Then try passing it to unpaper
unpaper -v --dpi 150.16409 --layout none --mask-scan-size 100 --no-border-align --no-mask-center --no-grayfilter --no-blackfilter --no-deskew file_from_above.pnm output.pnm
Can unpaper process the file?
Based on when "wrong stream"
can occur from unpaper, it's likely your unpaper is miscompiled.
https://github.com/unpaper/unpaper/blob/a88ed4e47d84a4831ad1828b89e98d289676ecfc/file.c#L56
Did the patch, the pnm seems fine and opens (using sxiv). Unpaper indeed fails when passing it the file:
unpaper 6.1
License GPLv2: GNU GPL version 2.
This is free software: you are free to change and redistribute it.
There is NO WARRANTY, to the extent permitted by law.
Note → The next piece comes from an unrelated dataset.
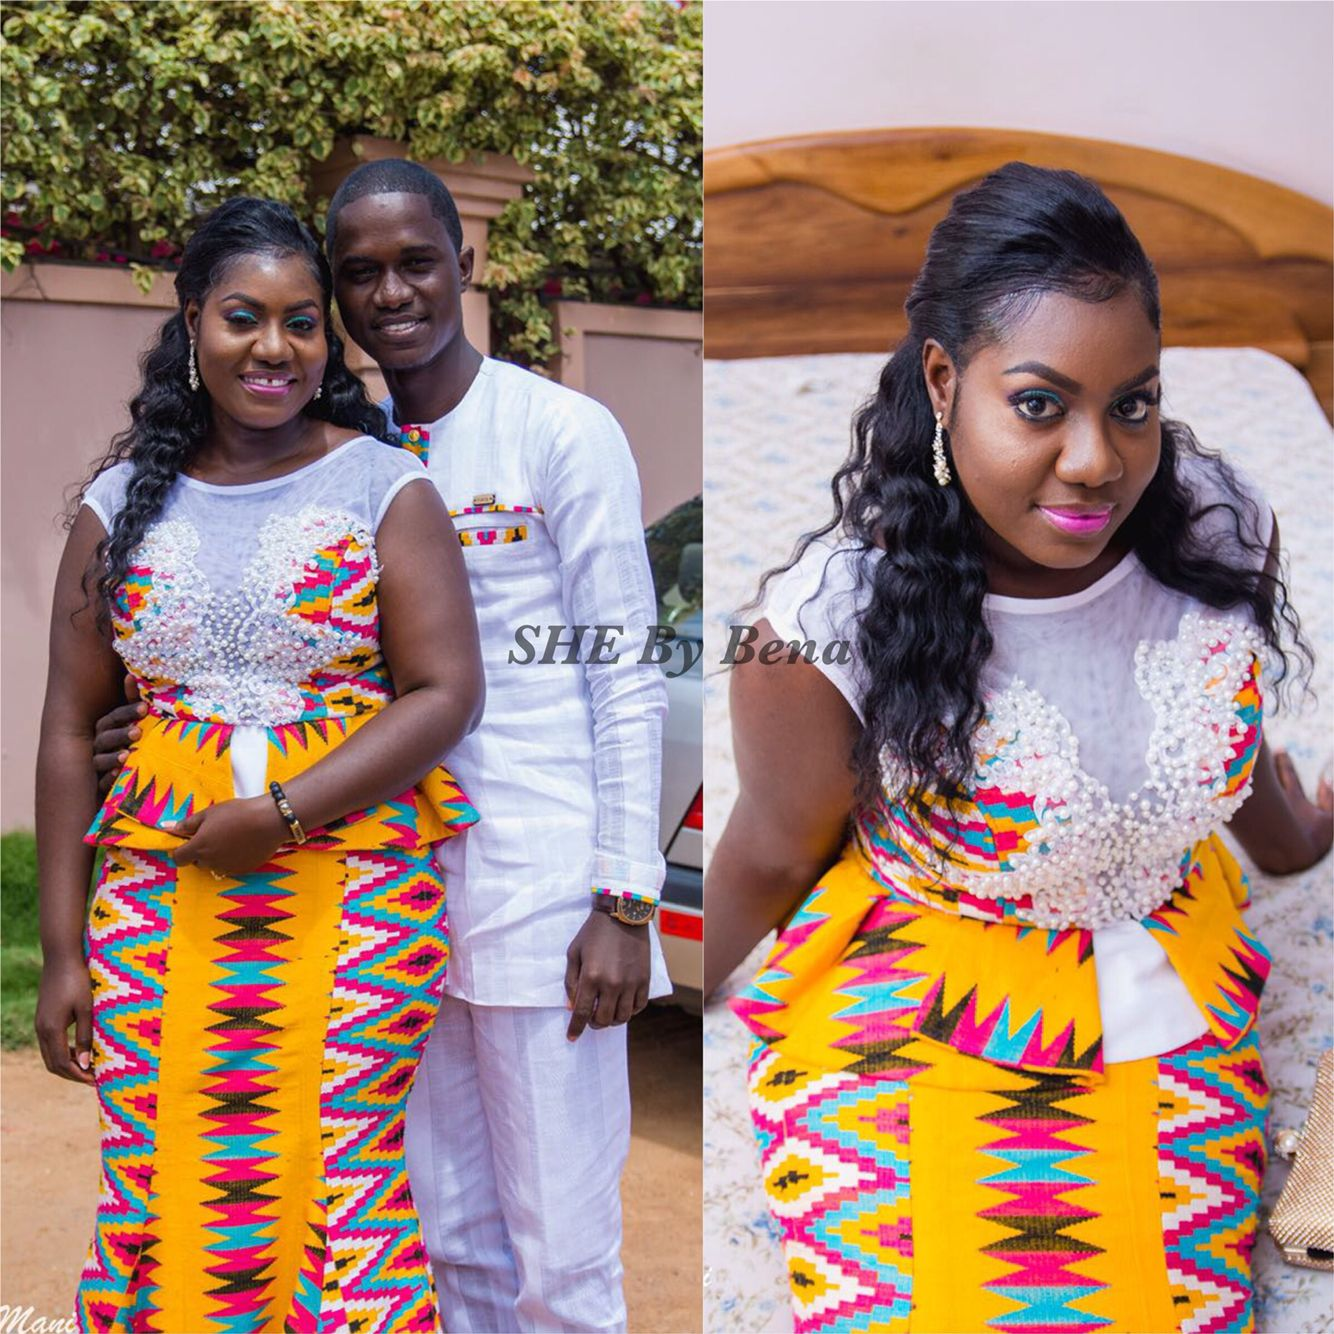 Pin by sheelah garbrah on she by bena pinterest for Traditional wedding dress styles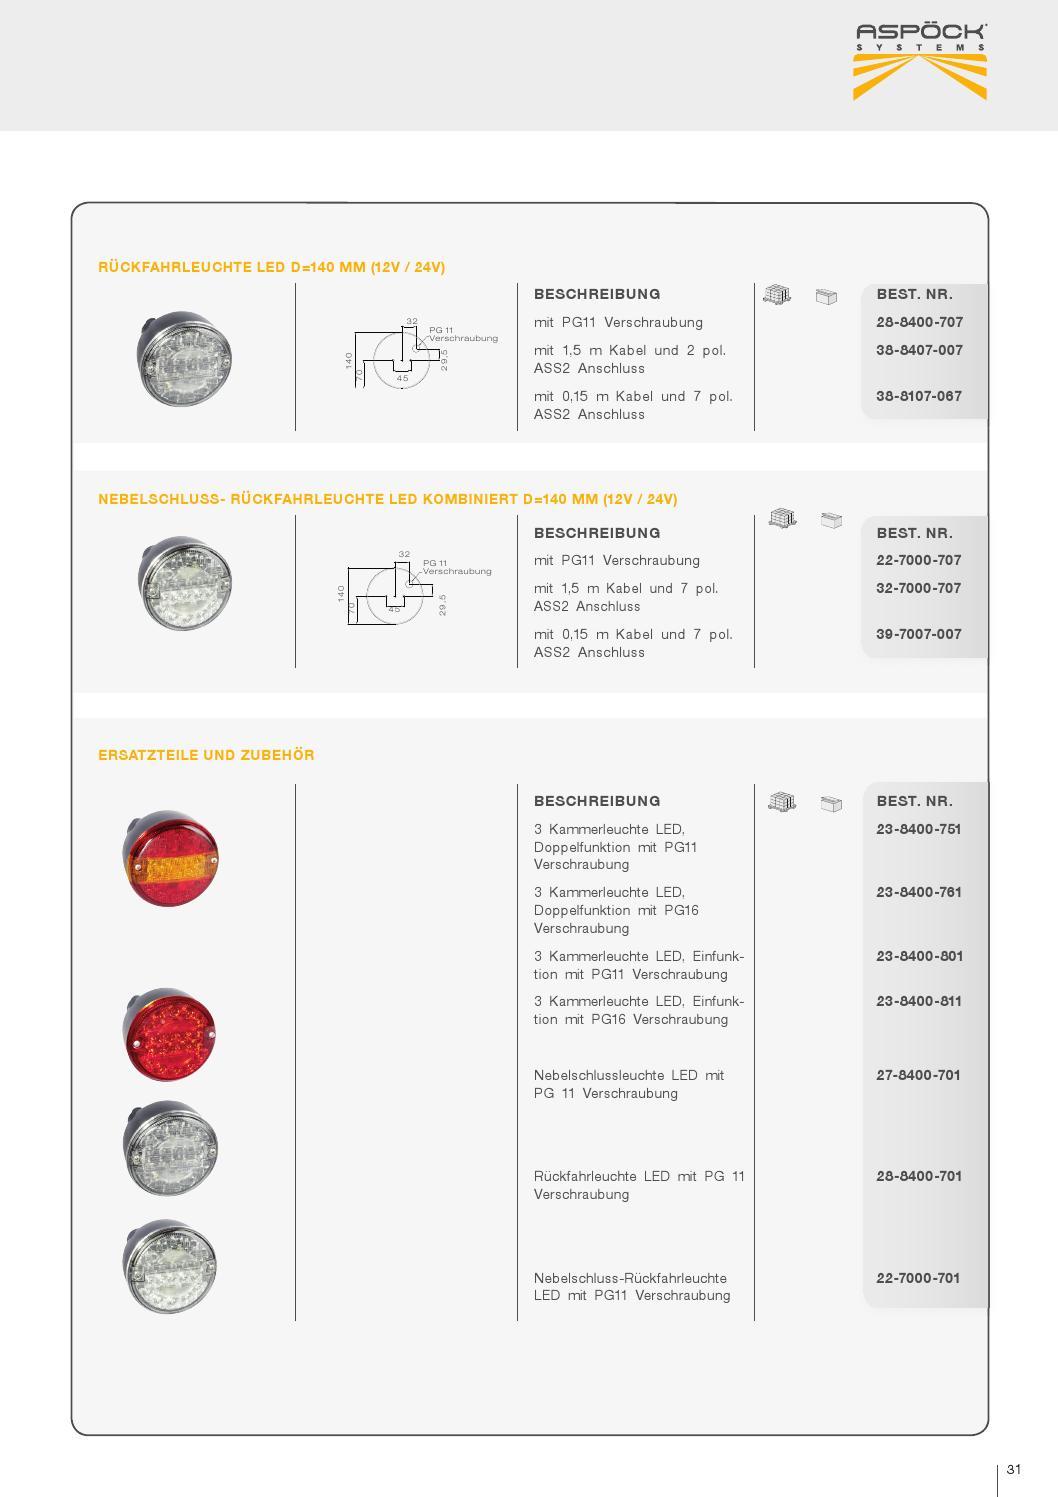 PMC_de_Aspoeck24V_Produktkatalog by Matik AG - issuu

-------------------------------------------------------------------------------
Processing sheet #1: 000001_pp_deskew.pnm -> output.pnm
unpaper: error: unable to open file 000001_pp_deskew.pnm: wrong stream
Try 'man unpaper' for more information.
Im not quite sure why it it would be miscompiled, because I have just pulled the latest stable release for debian buster from the official repos. Hm interesting, well, I can try and compile unpaper from source and check back!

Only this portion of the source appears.